The next question to determine is whether under the contract between the parties the failure of the
purchaser to pay any of the quarterly installments on the purchase price automatically gave rise to
the forfeiture of the amounts already paid and the reversion of the shares to the corporation. The
contract provides for interest of the rate of six per centum per annum on deferred payments. It is
also provides that if the purchaser fails to pay any of said installments when due, the said shares are
to revert to the seller and the payments already made are to be forfeited in favor of said seller. The
respondent corporation contends that when the petitioners failed to pay the installment which fell due
on or before July 31, 1937, forfeiture automatically took place, that is to say, without the necessity of
any demand from the corporation, and that therefore the resolution of August 1, 1937, authorizing
the refund of the installments already paid was inapplicable to the petitioners, who had already lost
any and all rights under said contract. The contention is, we think, untenable. The provision
regarding interest on deferred payments would not have been inserted if it had been the intention of
the parties to provide for automatic forfeiture and cancelation of the contract. Moreover, the contract
did not expressly provide that the failure of the purchaser to pay any installment would give rise to
forfeiture and cancelation without the necessity of any demand from the seller; and under article
1100 of the Civil Code persons obliged to deliver or do something are not in default until the moment
the creditor demands of them judicially or extrajudicially the fulfillment of their obligation, unless (1)

the obligation or the law expressly provides that demand shall not be necessary in order that default
may arise, (2) by reason of the nature and circumstances of the obligation it shall appear that the
designation of the time at which that thing was to be delivered or the service rendered was the
principal inducement to the creation of the obligation.
Is the resolution of August 1, 1937, valid? The contract in question being one of purchase and not
subscription as we have heretofore pointed out, we see no legal impediment to its rescission by
agreement of the parties. According to the resolution of August 1, 1937, the recission was made for
the good of the corporation and in order to terminate the then pending civil case involving the validity
of the sale of the shares in question among others. To that rescission the herein petitioners
apparently agreed, as shown by their demand for the refund of the amounts they had paid as
provided in said resolution. It appears from the record that said civil case was subsequently
dismissed, and that the purchasers of shares of stock, other than the herein petitioners, who were
mentioned in said resolution were able to benefit by said resolution. It would be an unjust
discrimination to deny the same benefit to the herein petitioners.
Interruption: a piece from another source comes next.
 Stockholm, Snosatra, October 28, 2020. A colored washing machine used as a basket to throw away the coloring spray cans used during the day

We may add that there is no intimation in this case that the corporation was insolvent, or that the
right of any creditor of the same was in any way prejudiced by the rescission.
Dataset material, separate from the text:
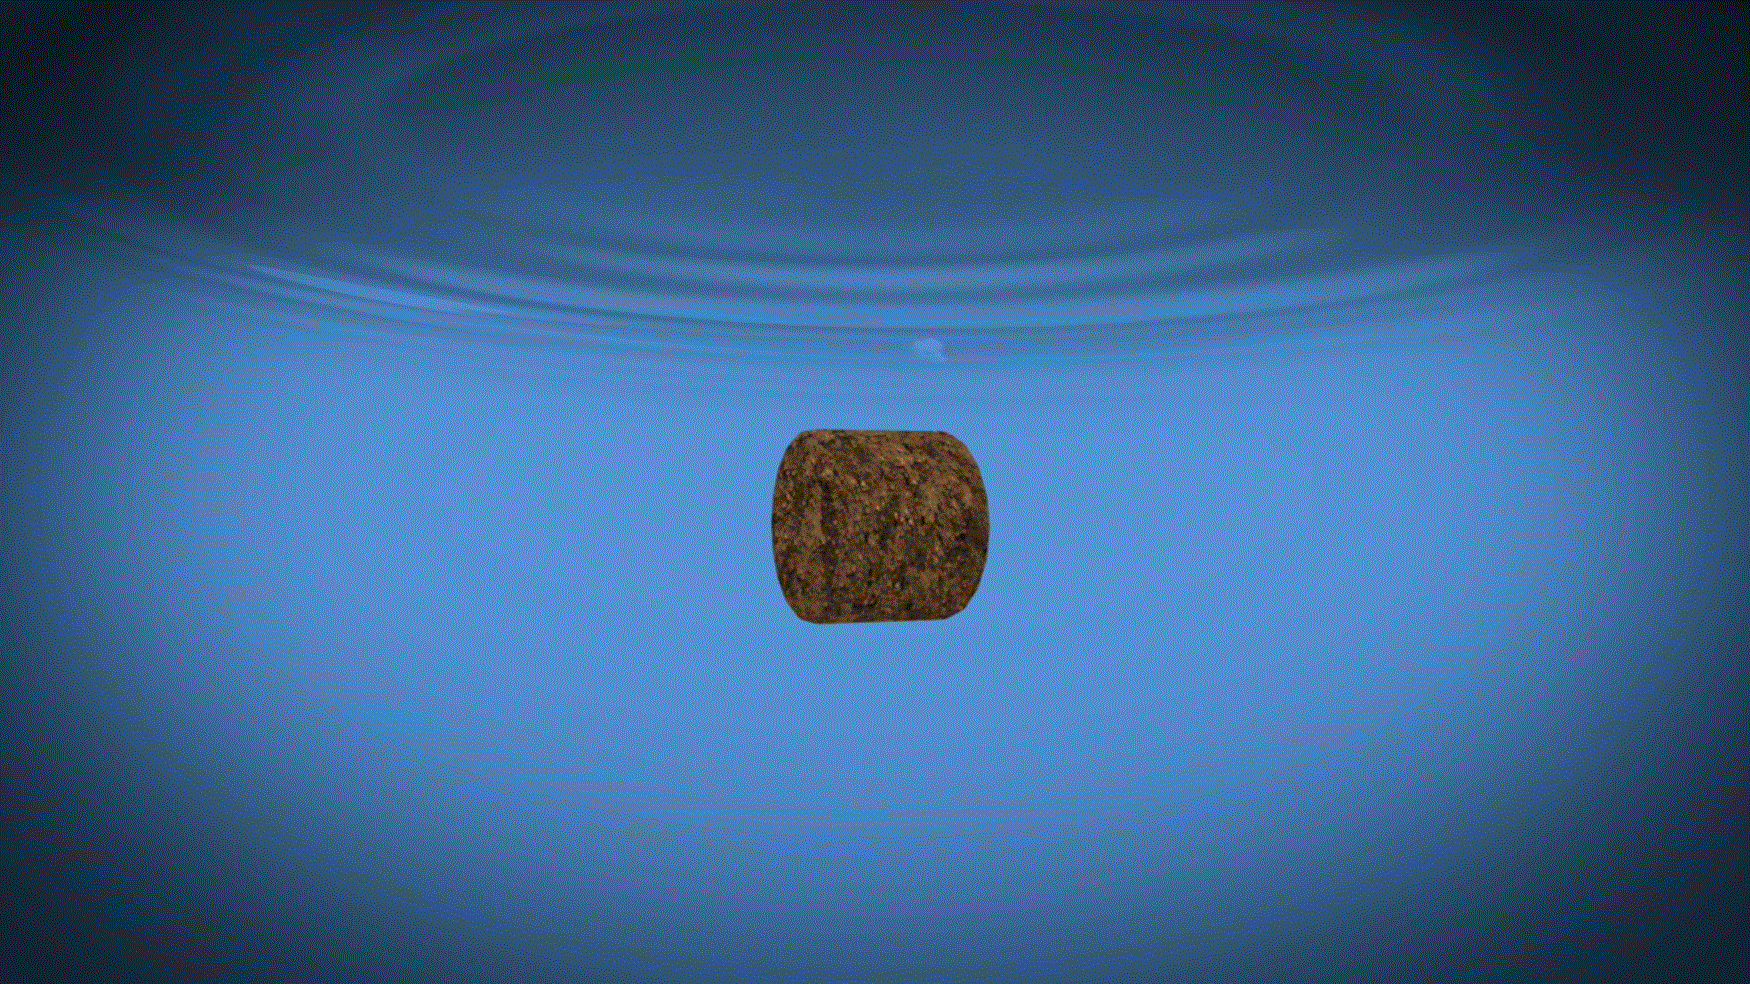 A gif of a feed pellet bobbing just under the water surface

The attempted revocation of said rescission by the resolution of August 22, 1937, was invalid, it not
having been agreed to by the petitioners.
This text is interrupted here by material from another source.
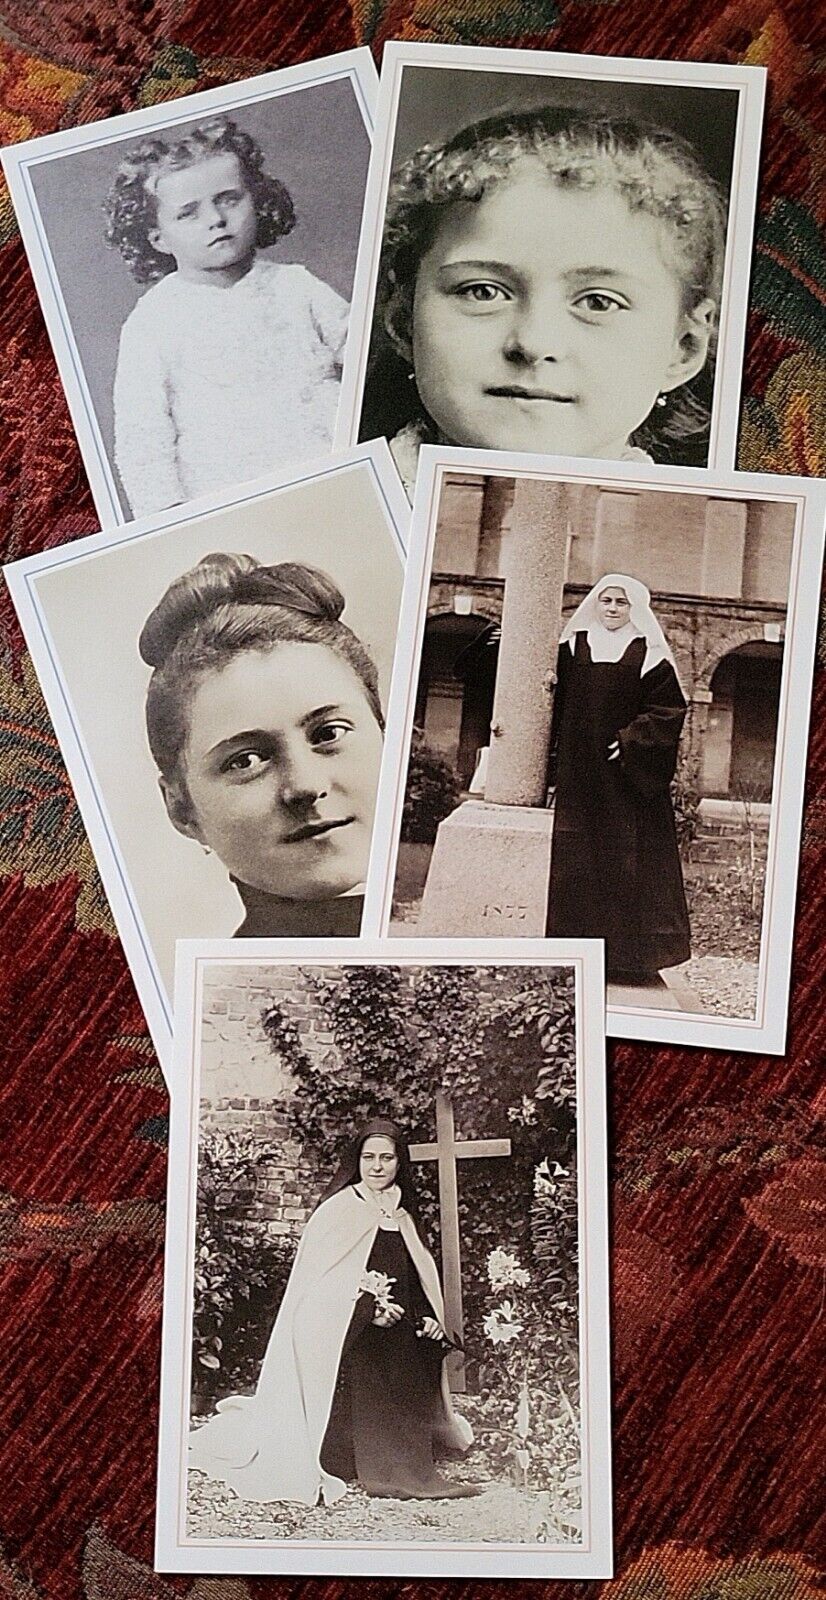 St. Therese Authentic Pictures Lot of 5 - Carmelite Catholic the Little Flower

Wherefore, the judgment of the court of appeals is hereby reversed and another judgment will be
entered against the defendant Silang Traffic Co., Inc., ordering it to pay to the plaintiffs Sofronio T.
Bayla, Venancio Toledo, Josefa Naval, and Paz Toledo, the sums of P360, P375, P675, and P675,
respectively, with legal interest on each of said sums from May 28, 1938, the date of the filing of the
complaint, until the date of payment, and with costs in the three instances. So ordered.
Yulo, C.J., Moran, Paras and Bocobo, JJ., concur.